Staging and management: If MRI confirms osteonecrosis, management depends on whether the femoral head has collapsed. Pre-collapse disease can be treated with protected weight-bearing and joint-preserving surgery such as core decompression to try to halt progression. Once the subchondral bone has collapsed, the joint usually deteriorates and total hip arthroplasty becomes the definitive treatment, particularly in a young patient with disabling pain.
Wider care: I would liaise with the team managing his bowel disease to minimise further steroid exposure and address modifiable risk factors.
CORTICOSTEROIDS IN ORTHOPAEDICS
Clinical summary
Mechanism
- •Bind cytoplasmic glucocorticoid receptor, alter gene transcription
- •Switch off inflammatory genes; switch on anti-inflammatory proteins (lipocortin)

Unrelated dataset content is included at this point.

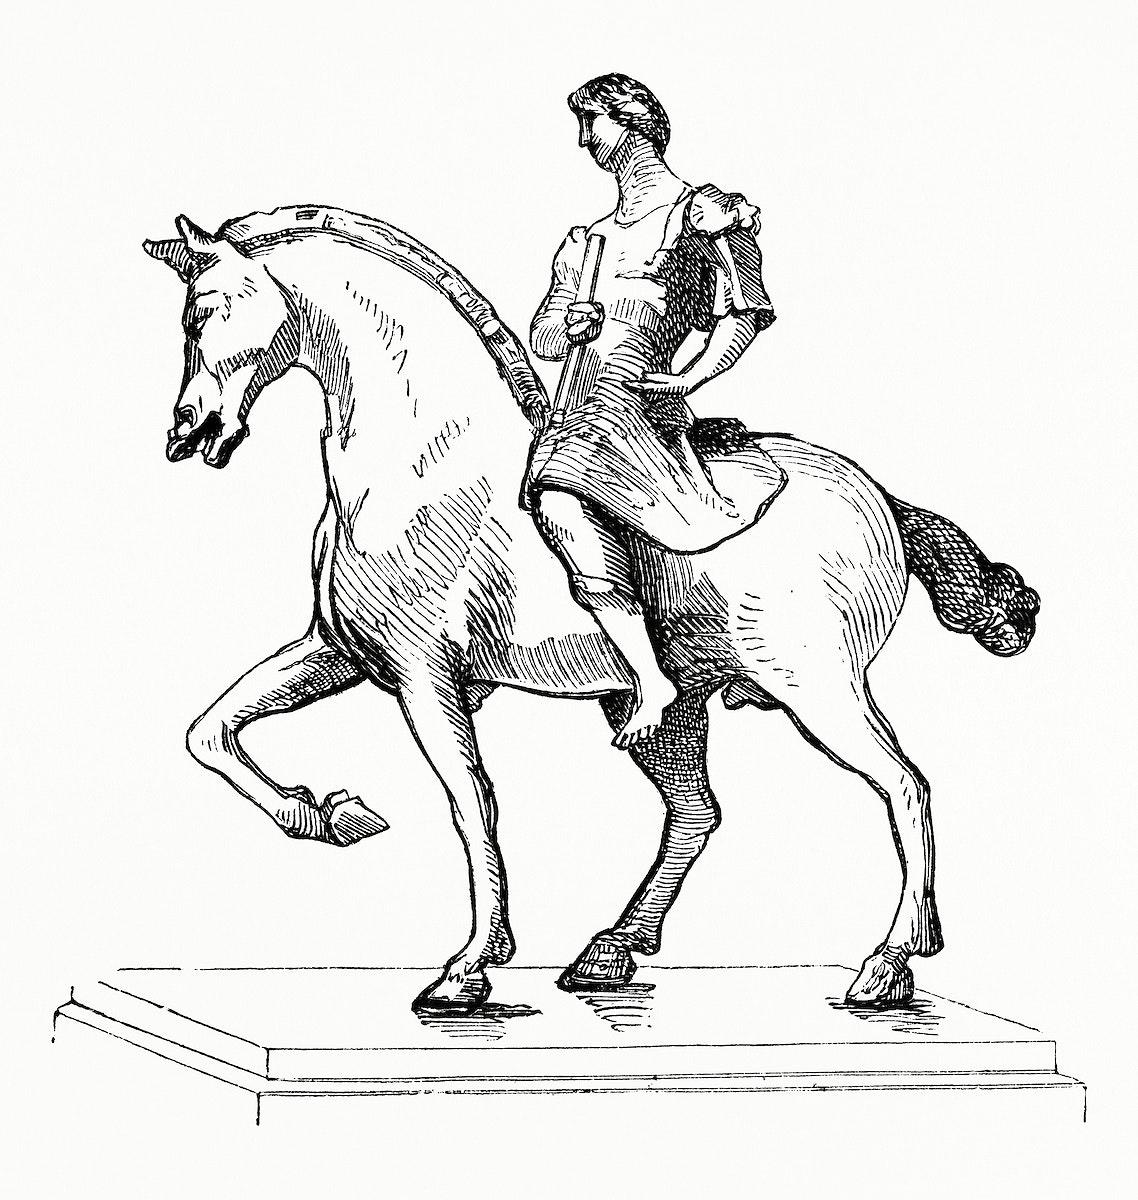 Vintage illustration of Man on a Horse

- •Potent anti-inflammatory and immunosuppressive
- •Affect almost every tissue - hence the wide side-effect list
Effects on Bone
- •Reduce bone formation, increase early resorption - osteoporosis
- •Most bone loss in the first 3 to 6 months
- •Osteocyte apoptosis drives osteonecrosis
- •Most common cause of non-traumatic osteonecrosis (femoral head, often bilateral)
Intra-Articular Use
- •Short-term pain relief in osteoarthritis and soft-tissue conditions
- •Repeated triamcinolone gave no pain benefit over saline at 2 years and more cartilage loss
- •Strict aseptic technique; never inject a possibly septic joint
- •Warn diabetics about a transient rise in glucose
Red Flags
- •New hip or groin pain on steroids - MRI both hips for osteonecrosis
- •Start bone protection early for courses of 3 months or more
- •Give perioperative stress-dose cover; never stop long-term steroids abruptly
- •Watch for impaired healing and infection after surgery
Guidelines, Registries and Global Practice
- Glucocorticoid-induced osteoporosis guidelines (for example the American College of Rheumatology, and equivalent guidance from NOGG in the UK and other national societies) agree on the core principles: assess fracture risk early, give calcium and vitamin D to all long-term users, and add an antifracture drug (oral bisphosphonate is the usual first choice) for those at moderate or higher risk, with anabolic agents reserved for the highest-risk patients.
- Osteoarthritis guidelines (for example AAOS and NICE) place intra-articular corticosteroid as an option for short-term symptom relief, not as disease-modifying treatment, reflecting trial evidence that the benefit is temporary and that repeated injection may harm cartilage.
- Where guidance differs is mainly the threshold for starting bone-protecting drugs and the place of newer anabolic agents, rather than any disagreement on the underlying harm of long-term steroids.
- Global practice variation largely reflects drug availability and cost (for example the choice between oral and intravenous bisphosphonates or anabolic agents) rather than differences in the principles of safe corticosteroid use.